A similar idea with the AKS algorithm mentioned

 public static boolean isPrime(int n) { if(n == 2 || n == 3) return true; if((n & 1 ) == 0 || n % 3 == 0) return false; int limit = (int)Math.sqrt(n) + 1; for(int i = 5, w = 2; i <= limit; i += w, w = 6 - w) { if(n % i == 0) return false; numChecks++; } return true; } 

To find out if a number or numbers in a range / base.

 #!usr/bin/python3 def prime_check(*args): for arg in args: if arg > 1: # prime numbers are greater than 1 for i in range(2,arg): # check for factors if(arg % i) == 0: print(arg,"is not Prime") print(i,"times",arg//i,"is",arg) break else: print(arg,"is Prime") # if input number is less than # or equal to 1, it is not prime else: print(arg,"is not Prime") return # Calling Now prime_check(*list(range(101))) # This will check all the numbers in range 0 to 100 prime_check(#anynumber) # Put any number while calling it will check. 

 myInp=int(input("Enter a number: ")) if myInp==1: print("The number {} is neither a prime not composite no".format(myInp)) elif myInp>1: for i in range(2,myInp//2+1): if myInp%i==0: print("The Number {} is not a prime no".format(myInp)) print("Because",i,"times",myInp//i,"is",myInp) break else: print("The Number {} is a prime no".format(myInp)) else: print("Alas the no {} is a not a prime no".format(myInp)) 
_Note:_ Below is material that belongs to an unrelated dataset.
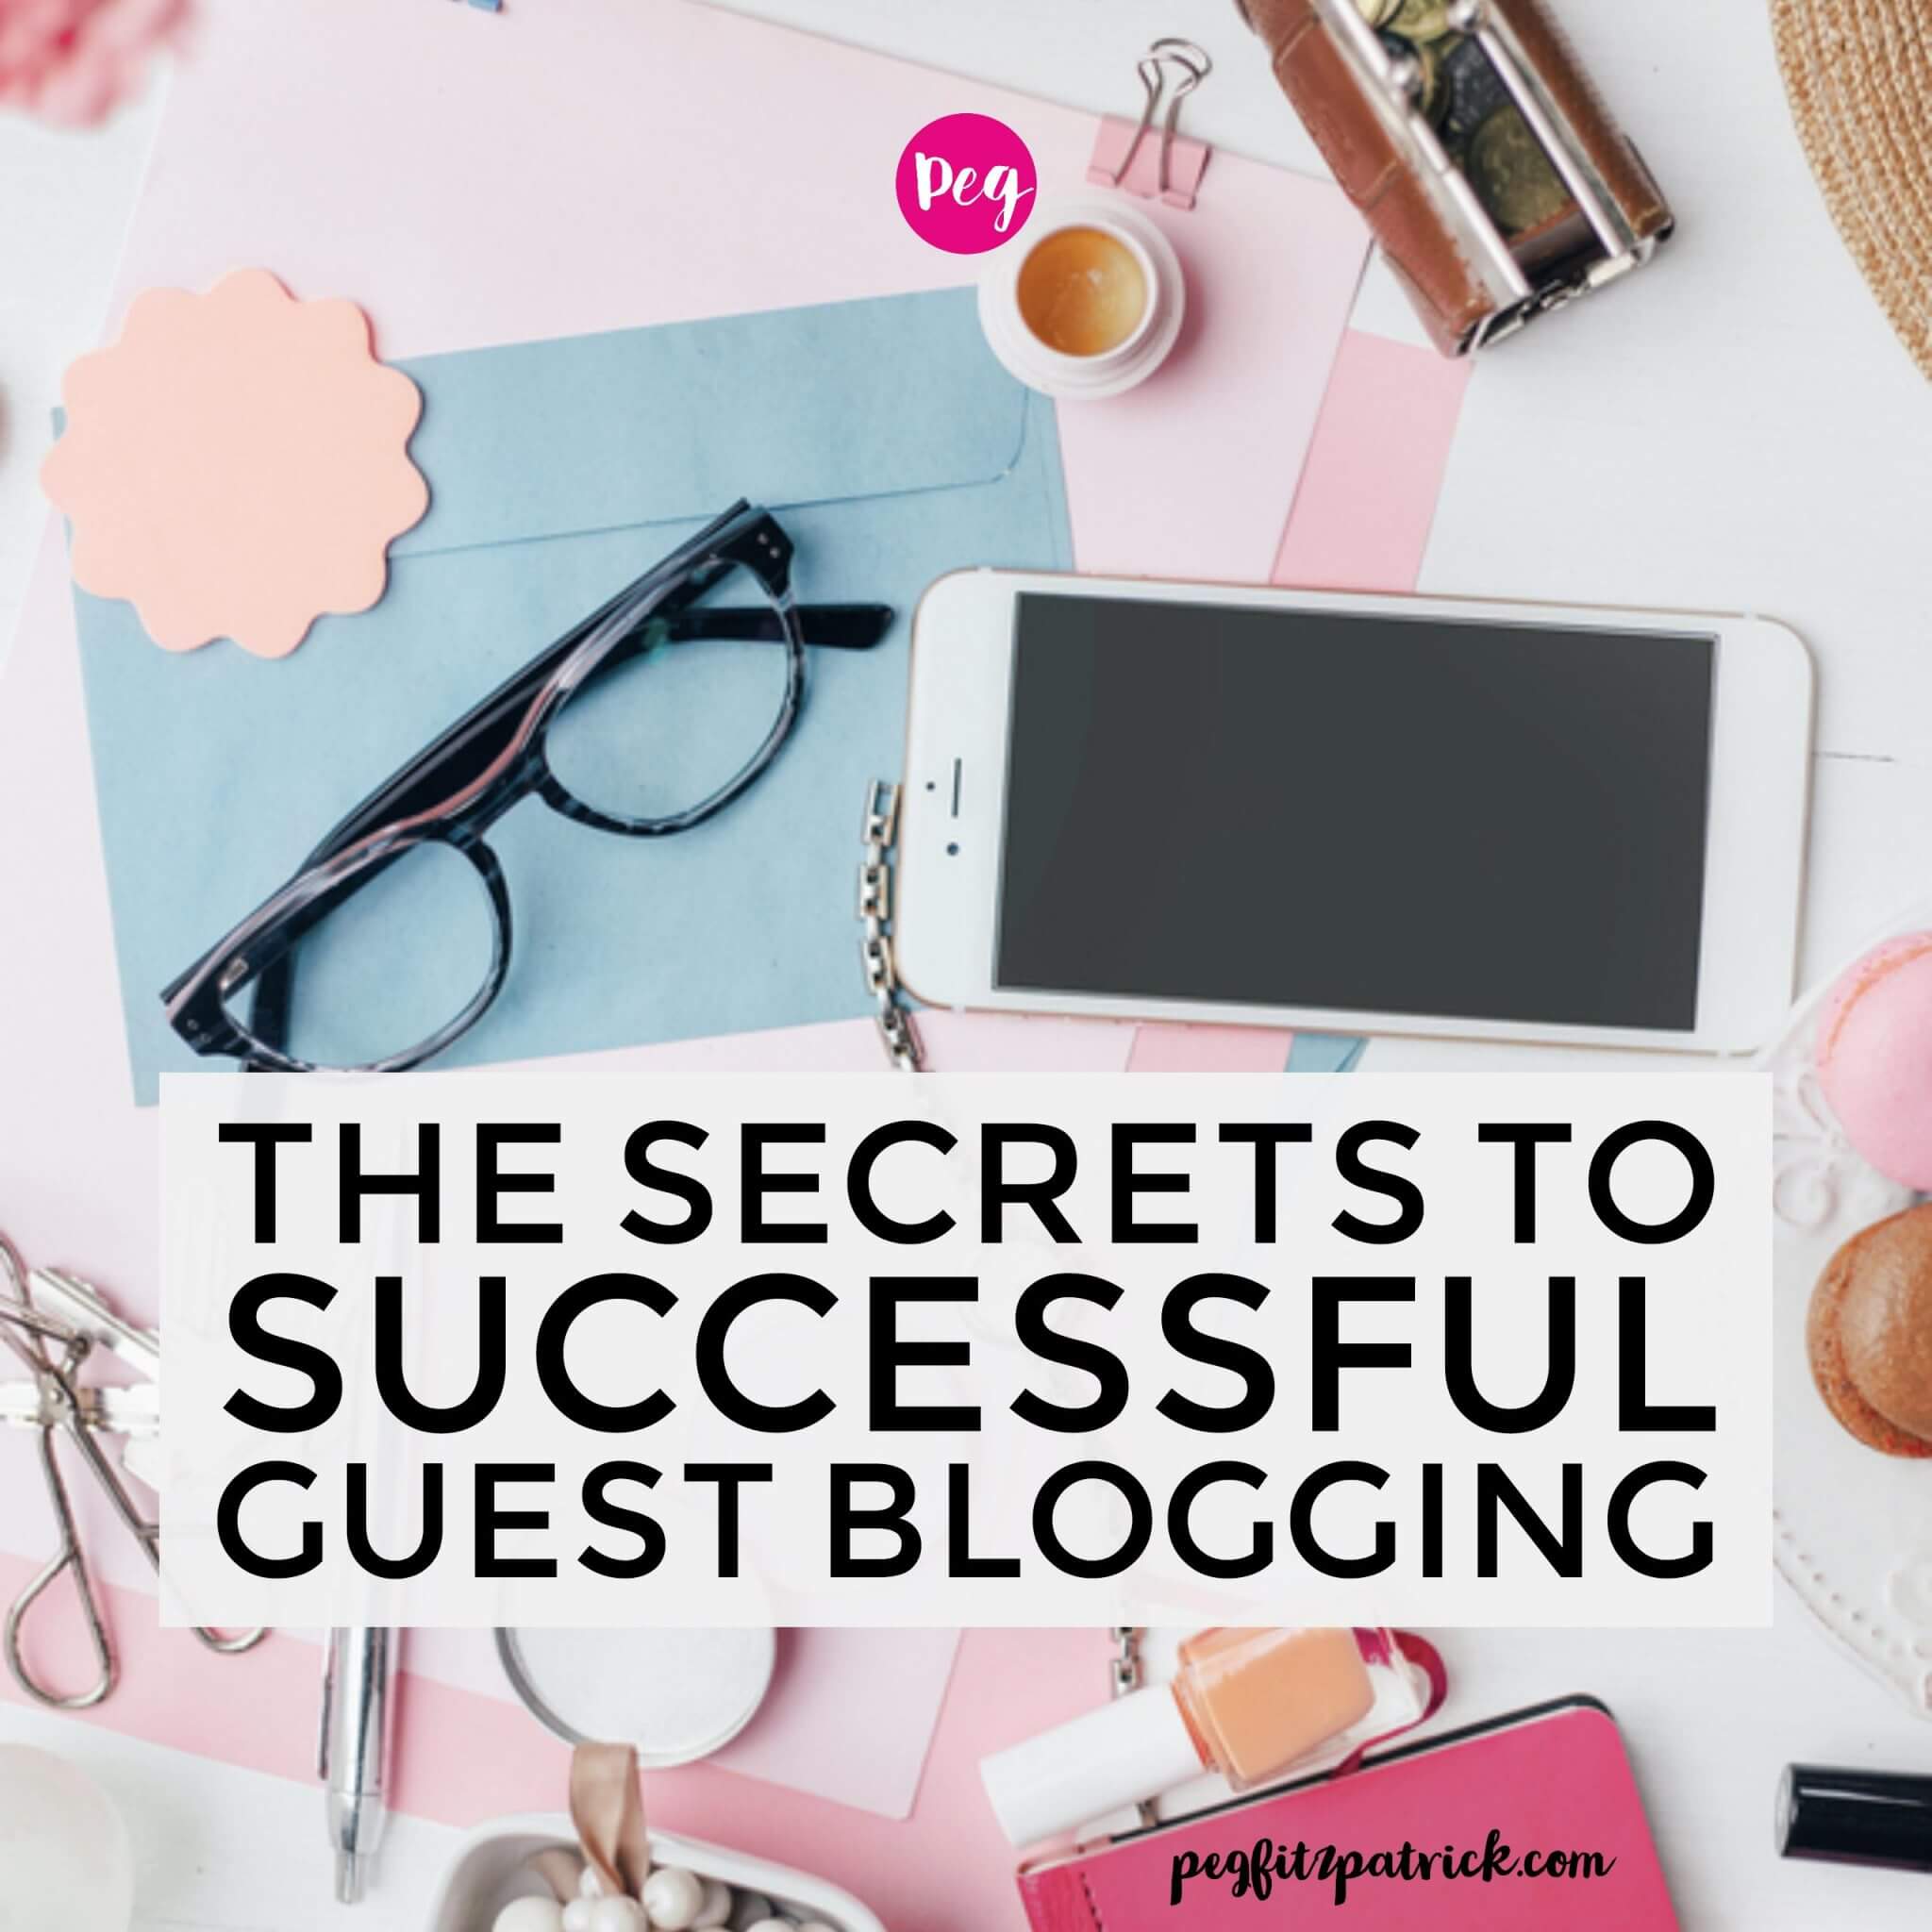 The Secrets to Successful Guest Blogging - https://pegfitzpatrick.com/

You could try something like this.

 def main(): try: user_in = int(input("Enter a number to determine whether the number is prime or not: ")) except ValueError: print() print("You must enter a number!") print() return list_range = list(range(2,user_in+1)) divisor_list = [] for number in list_range: if user_in%number==0: divisor_list.append(number) if len(divisor_list) < 2: print(user_in, "is a prime number!") return else: print(user_in, "is not a prime number!") return main() 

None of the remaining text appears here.